Data Acquisition > Data Cleaning > Model Training & Building > Model Testing > Model Deployment  

Data Cleaning > Test Data > Model Testing  

Model Testing > Model Training & Building

## Machine Learning Types

### There are 3 types of Machine Learning Algorithms
- Supervised Learning
    - You have labeled data and are trying to predict a label based off of known features
    - Supervised Learning Algorithms are trained using label examples, such as an input where the desired opt is known
        - Ex. A piece of equipment could have data points labeled either "F" (Failed) or "R" (Runs)
    - The learning algorithm receives set of input along with the corresponding correct outputs, and the algorithm learns by comparing its actual output with correct outputs to find errors. It then midifies the model accordingly.
    - Through methods like classification, regression, prediction, and gradient boosting, supercised learning uses patterns to predict the values of the label on additional unlabeled data.
    - Supervised learning is commonly used in application where historical data predicts likely future events
        - Ex. It can anticipate when credit card transactions are likely to be fraudulent or which insurance customer is likely to file a claim.
        - Or it can attempt to predict the price of a house based on different features for houses for which we have historical price data
    
- Unsupervised Learning
    - You have unlabeled data and truing to group together similar data points based off of features
        - Unsupervised Learning is used against data that has no historical labels
        - The system is not told the "right answer". The algorithm must figure out what is being shown.
        - The goal is to explore the data and find some structure within
        - Or it can find the main attributes that separate customer segments from each other.
        - Popular techniques include self-organizing maps, nearest-neighbor mapping, k-means clustering and singular value decomposition
        - These algorithms are also used to segment text topics, recommend items and identify data outliers.
        
- Reinforcement Learning
    - Algorithm learns to perform an action from experience
    - Reinforcement Learning is often used for robotics, gaming, and navigation
    - With reinforcement learning, the algorithm discovers through "Trial and Error" which actions yield the greatest rewards.
    - This type of learning has three primary components: the agent (the learner or decision maker), the environment (everything the agent interacts with) and actions (what the agent can do)
    - The objective is for the agent to choose actions that maximize the expected reward over a given amount of time
    - The agent will reach the goal much faster by following a god policy
    - So the goal in reinforement learning is to learn the best policy

### Linear Regression

#### Bias Variance Trade-off
- Bias: High error due to assumption
- Variance: Error due to an overly-complex that tries to fit the training data as closely as possible
- Trade-off: A balance achieved between two desirable but incompatible features; a compromise
- The Bias-Variance trade-off is the point where we are adding model complexity (flexibility)
    - Error = noise + Bias**2 + Varience
- The training error goes down as it has to, but the test error is starting to go up
- The model after the bias trade-off begins to overfit

### Logistic Regression

- Logistic Regression is a method for Classification
- Although the name may be confusing at first, logistic regression allows us to solve classification problems, where we are trying to predict discrete categories
- The convention for binary classification is to have two classes 0 and 1
- We can't use a normal linear regression model on binary groups.

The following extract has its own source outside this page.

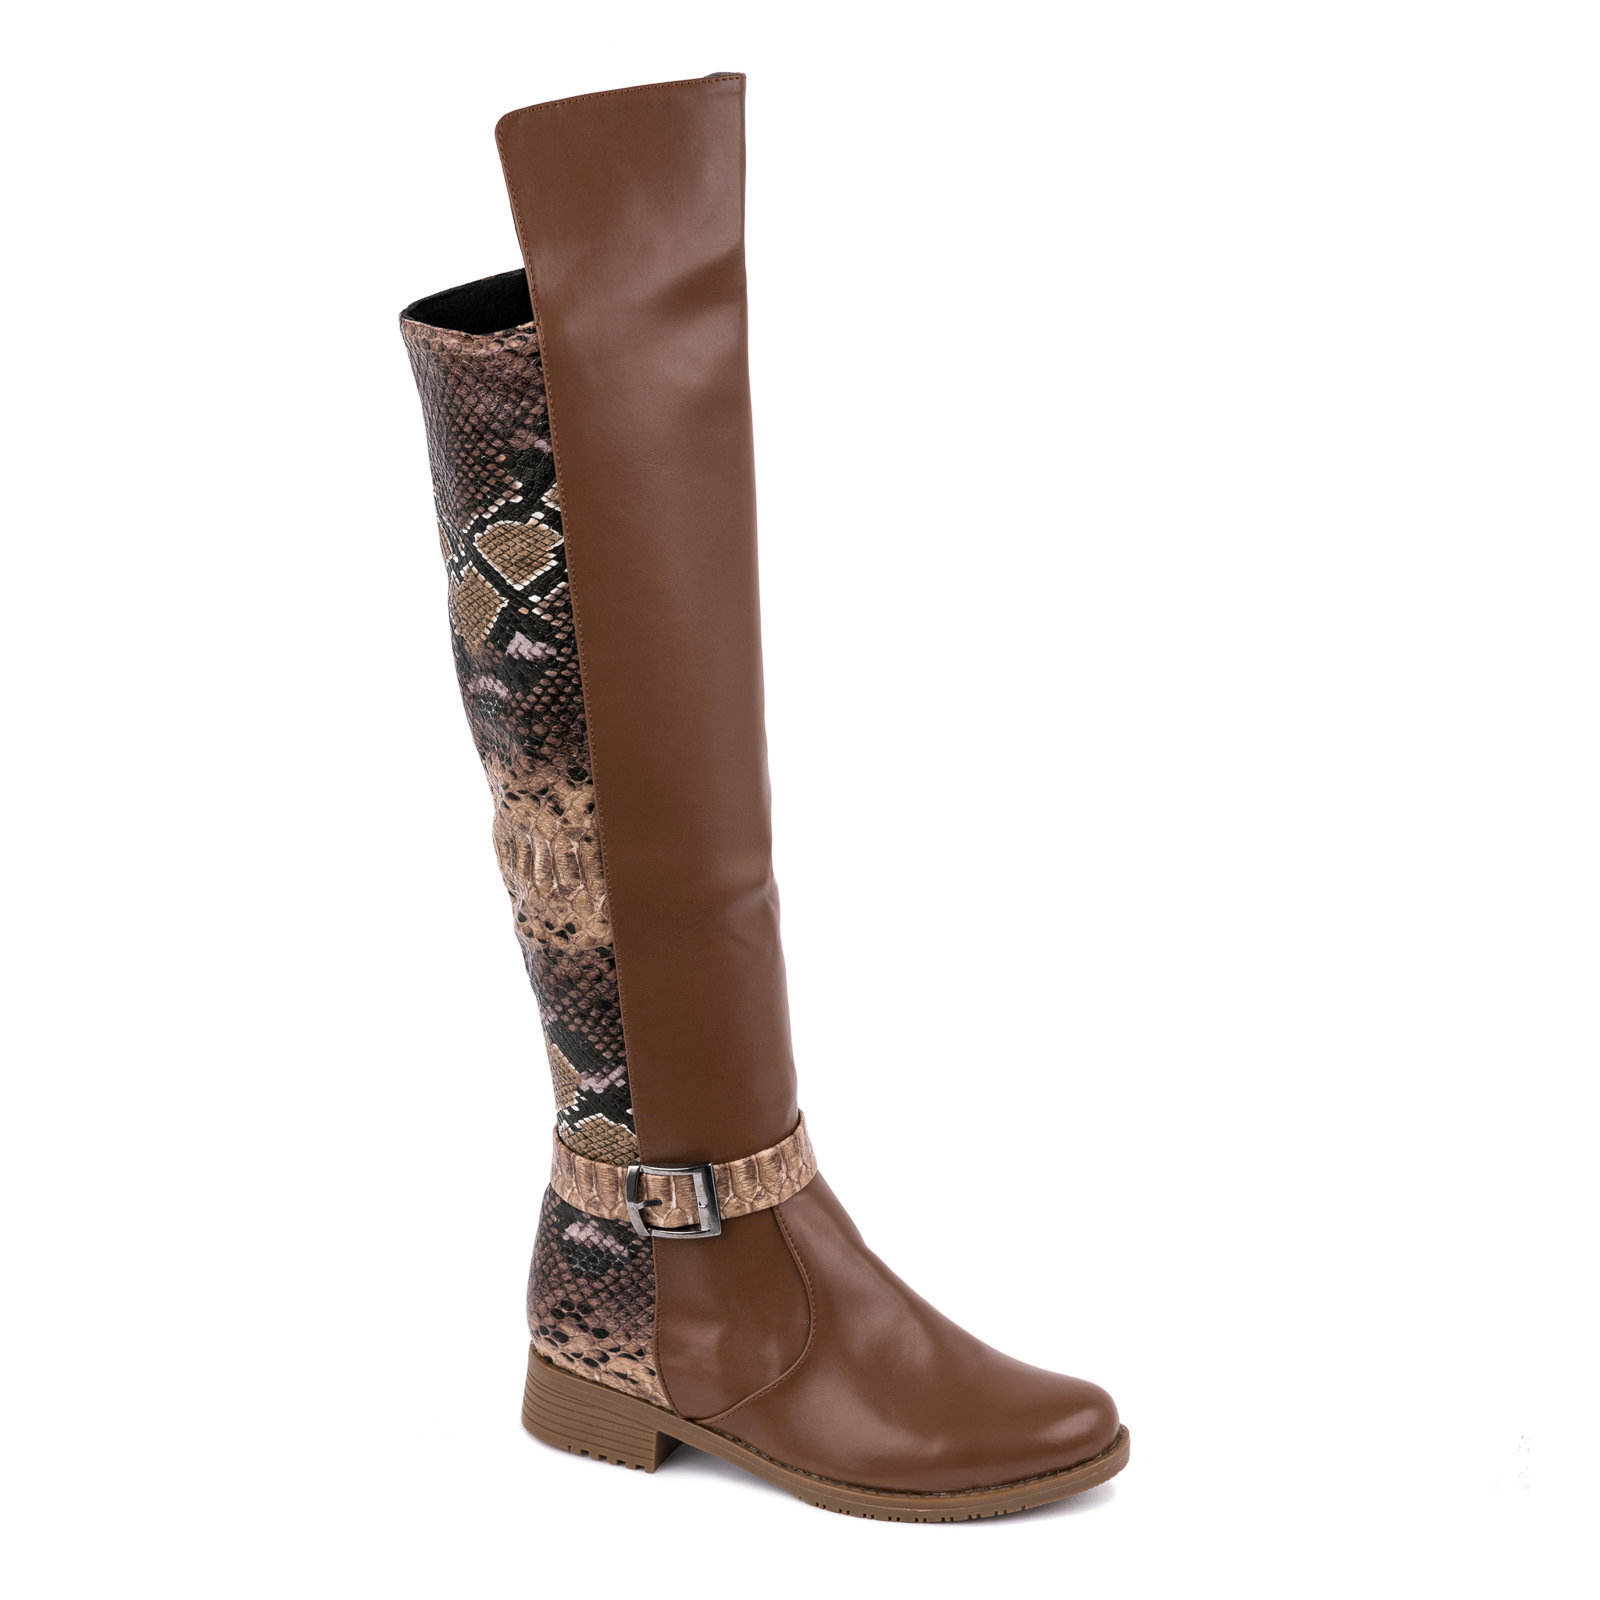 SNAKE PRINT HIGH BOOTS WITH BELTS - CAMEL
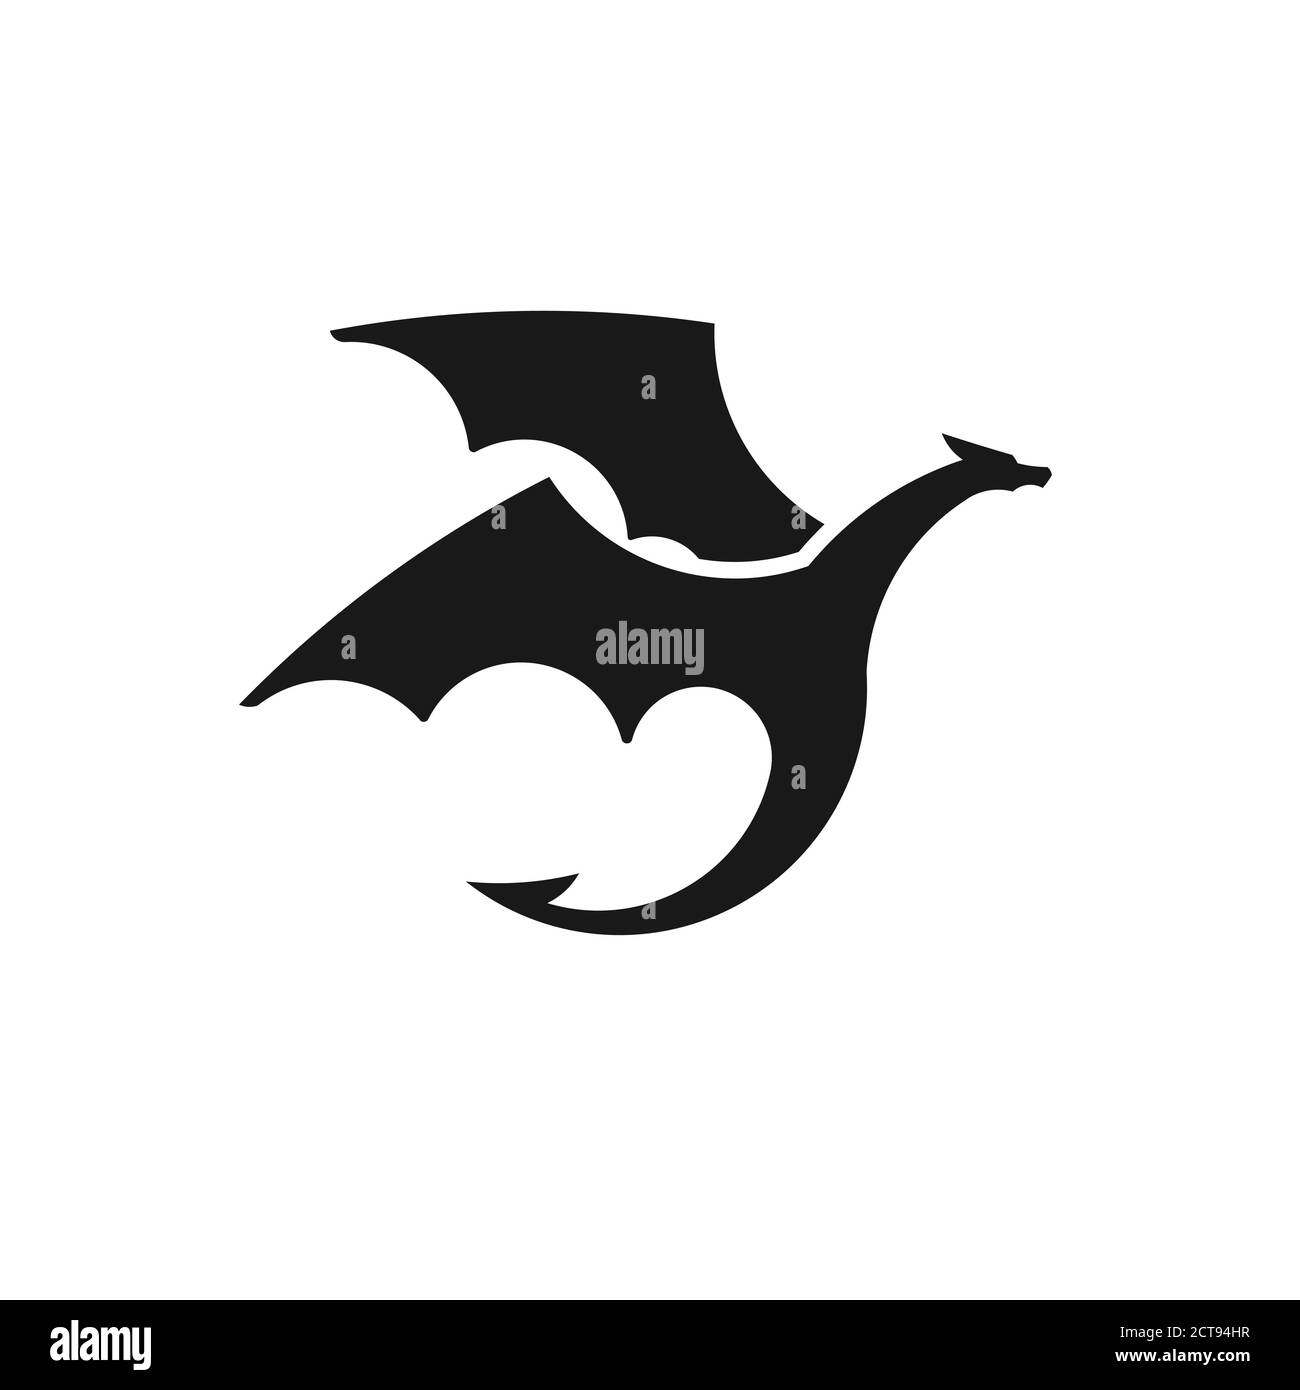 Black stylized vector illustrations of dragons silhouettes logo Stock Vector

It won't lead to good fit
- Instead we can transform our linear regression to a logistic regression curve
- The Sigmoid (aka. Logistic) Function takes in any value and outputs it to be between 0 and 1
- The means we can take our Linear Regression Solution and place it into the Sigmoid Function
- We can set a cutoff point at 0.5, anything below it results in class 0, anything above is class 1

### Model Evaluation

- After you train a logistic regression model on some training data, you will evaluate your model's performance on some test data.
- You can use a confusion matrix to evaluate classification models.
- Basic Terminology
    - True Positives (TP)
    - True Negatives (TN)
    - False Positves (FP)
    - False Negatives (FN)

### K Nearest Neighbors (Knn)

- Training Algorithm
    1. Prepare all label dataset for comparing a new data
    2. Choose k points of Nearest Neighbors
- Prediction Algorithm
    1. Calculate the distance from x (unknown data) from k closest
    2. Predict the majority label of the k closest

### Decision Trees and Random Forests

#### Tree Method
- Nodes (box) 
    - Split for the value of a certain attribute  
- Edges (arrow)
    - Outcome of a split to next node
- Root
    - The node that performs the first split
- Leaves
    - Terminal nodes that predict the outcome

#### Entropy and Information Gain
- The mathematical Methods of choosing the best split  
    - Entropy
    - Information Gain

#### Random Forests
- To improve performance, we can use many trees with a random sample of features chosen as the split
    - A new random sample of features is chosen for every single tree at every single split
    - For Classificationn, m is typically chosen to be the square root of p
    - Suppose there is one very strong feature in the dataset. When using "bagged" trees, most of the trees will use the feature as the top split, resulting in an ensemble of similar trees that are highly correlated
    - Averaging highly correlated quantities does not significantly reduce variance
    - By randomly leaving out candidate features from each split, Random Forests "decorrelates" the trees, such that the averaging process can reduce the variance of the

## Support Vector Machines (SVM)

Support vector machines (SVMs) are supervised learning models with associated learning algorithms that analyze data and recognize patterns, used for classification and regression analysis

Given a set of training examples, each marked for belonging to one of two categories, an SVM training algorithm builds a model that assigns new wxamples into one category or the other, making it a non-probabilistic binary linear classifier

An SVM model is a representation of the examples as points in space, mapped so that the examples of the separate categories are divided by a clear gop that is as wide as possible.  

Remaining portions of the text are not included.